Четверо прочих, ходивших с Чепурным в степь, пробежали обратно, Пиюся же где-то залег одиноким образом в цепь — и его выстрел раздался огнем в померкшей тишине. Дванов побежал на выстрел с револьвером наружи, через краткий срок его обогнал Копенкин на Пролетарской Силе, которая спешила на тяжелом шагу, и вслед первым бойцам уже выступала с чевенгурской околицы сплошная вооруженная сила прочих и большевиков — кому не хватило оружия, тот шел с плетневым колом или печной кочергой, и женщины вышли совместно со всеми. Сербинов бежал сзади Якова Титыча с дамским браунингом и искал, кого стрелять. Чепурный выехал на лошади, что возила Прокофия, а сам Прокофий бежал следом и советовал Чепурному сначала организовать штаб и назначить командующего, иначе начнется гибель.

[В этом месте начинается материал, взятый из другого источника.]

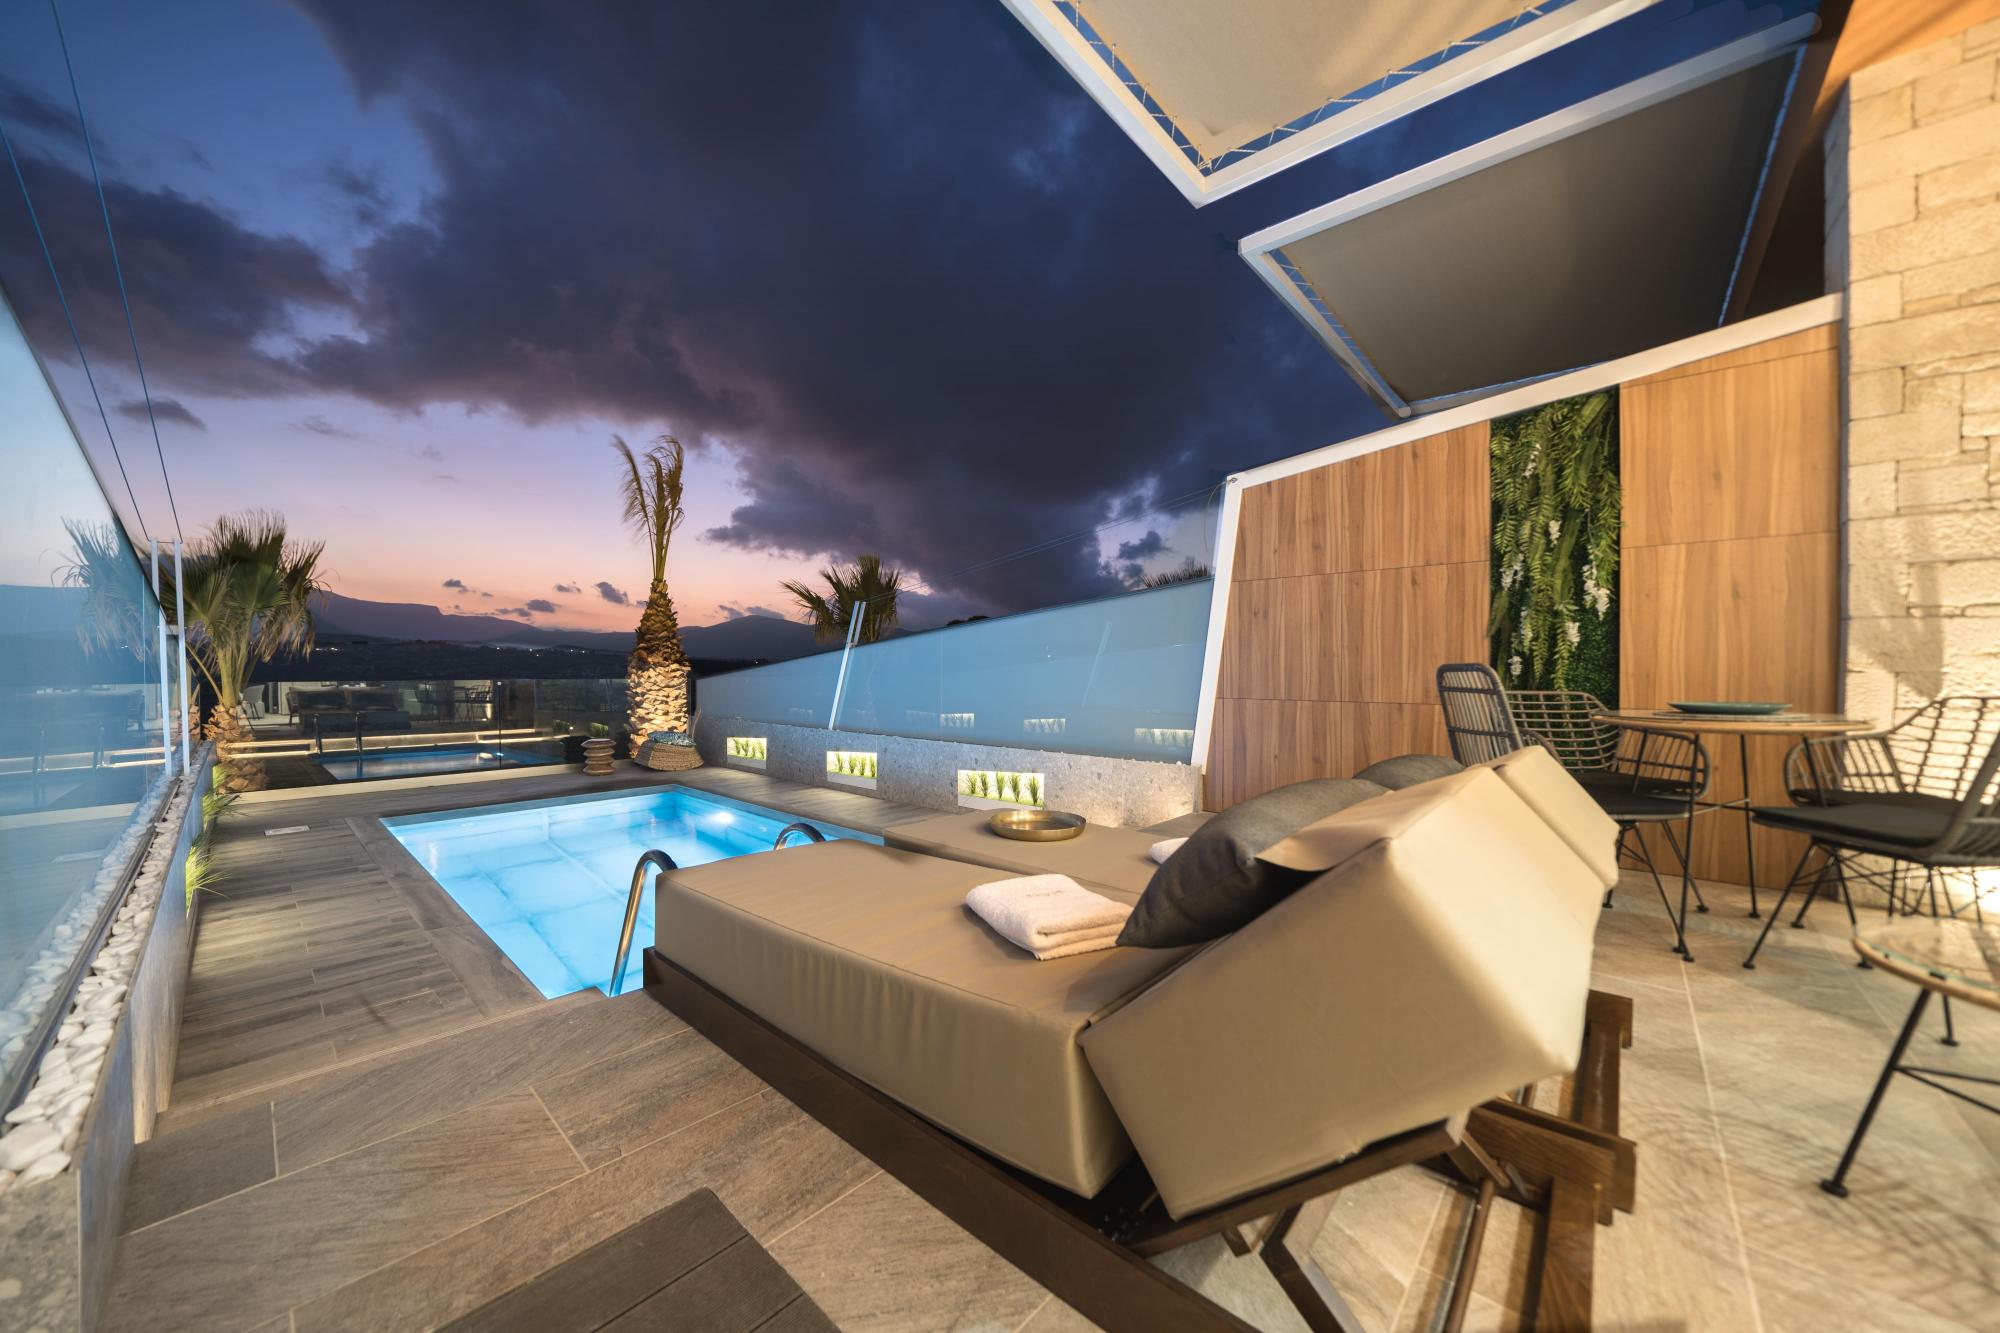 Property Image 2 - Oleas Suite Earth   Private Pool
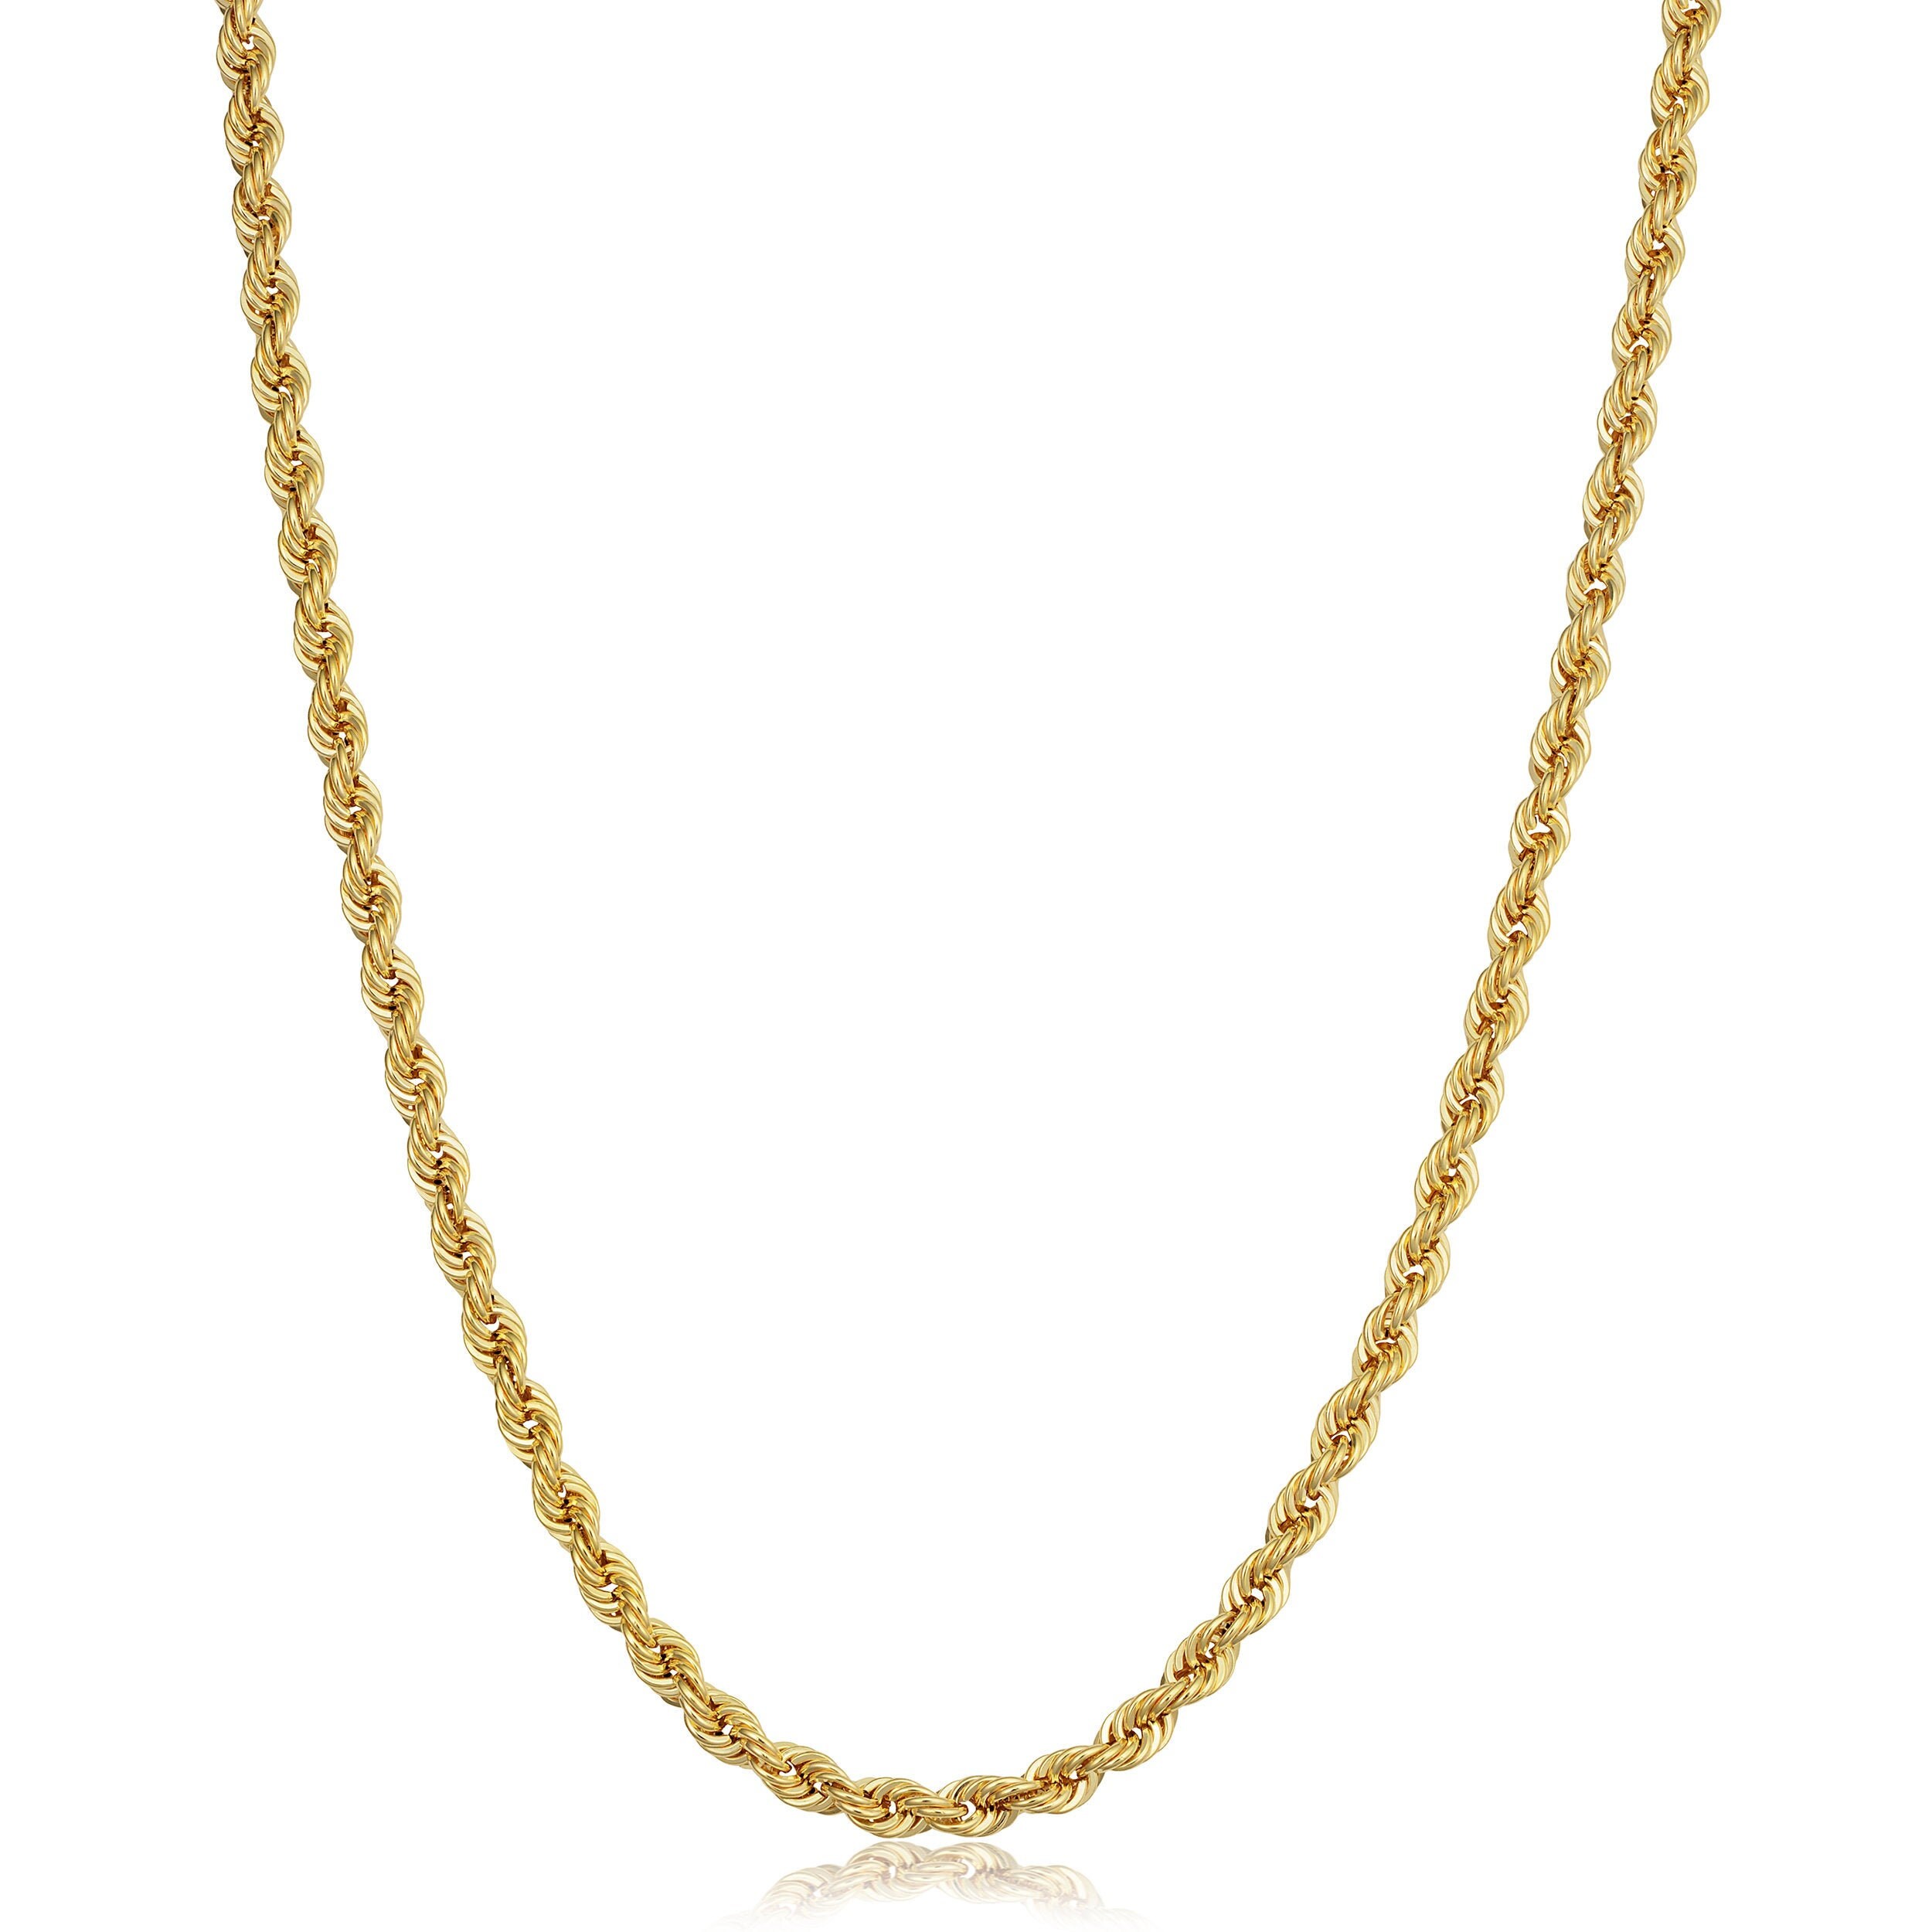 Men's or Women's 10k Yellow Gold 3.2 Mm Rope Chain Necklace 16, 18

Чепурный на скаку разрядил вдаль всю обойму и старался нагнать Копенкина, но не мог. Копенкин перепрыгнул на коне через лежачего Пиюсю и не собирался стрелять в противника, а вынул саблю, чтобы ближе касаться врага.
Враги ехали по бывшей дороге. Они держали винтовки поперек, приподняв их руками, не готовясь стрелять, и торопили лошадей вперед. У них были команда и строй, поэтому они держались ровно и бесстрашно против первых выстрелов Чевенгура. Дванов понял их преимущество и, установив ноги в ложбинке, сшиб четвертой пулей командира отряда из своего нагана. Но противник опять не расстроился, он на ходу убрал командира куда-то внутрь построения и перевел коней на полную рысь. В этом спокойном наступлении была машинальная сила победы, но и в чевенгурцах была стихия защищающейся жизни. Кроме того, на стороне Чевенгура существовал коммунизм. Это отлично знал Чепурный, и, остановив лошадь, он поднял винтовку и опустил наземь с коней троих из отряда противника. А Пиюся сумел из травы искалечить пулями ноги двоим лошадям, и они пали позади отряда, пытаясь ползти на животах и копая мордами пыль земли. Мимо Дванова пронесся в панцире и лобовом забрале Пашинцев, он вытянул в правой руке скорлупу ручной бомбы и стремился взять врага одним умственным страхом взрыва, так как в бомбе не имелось начинки, а другого оружия Пашинцев с собой не нес.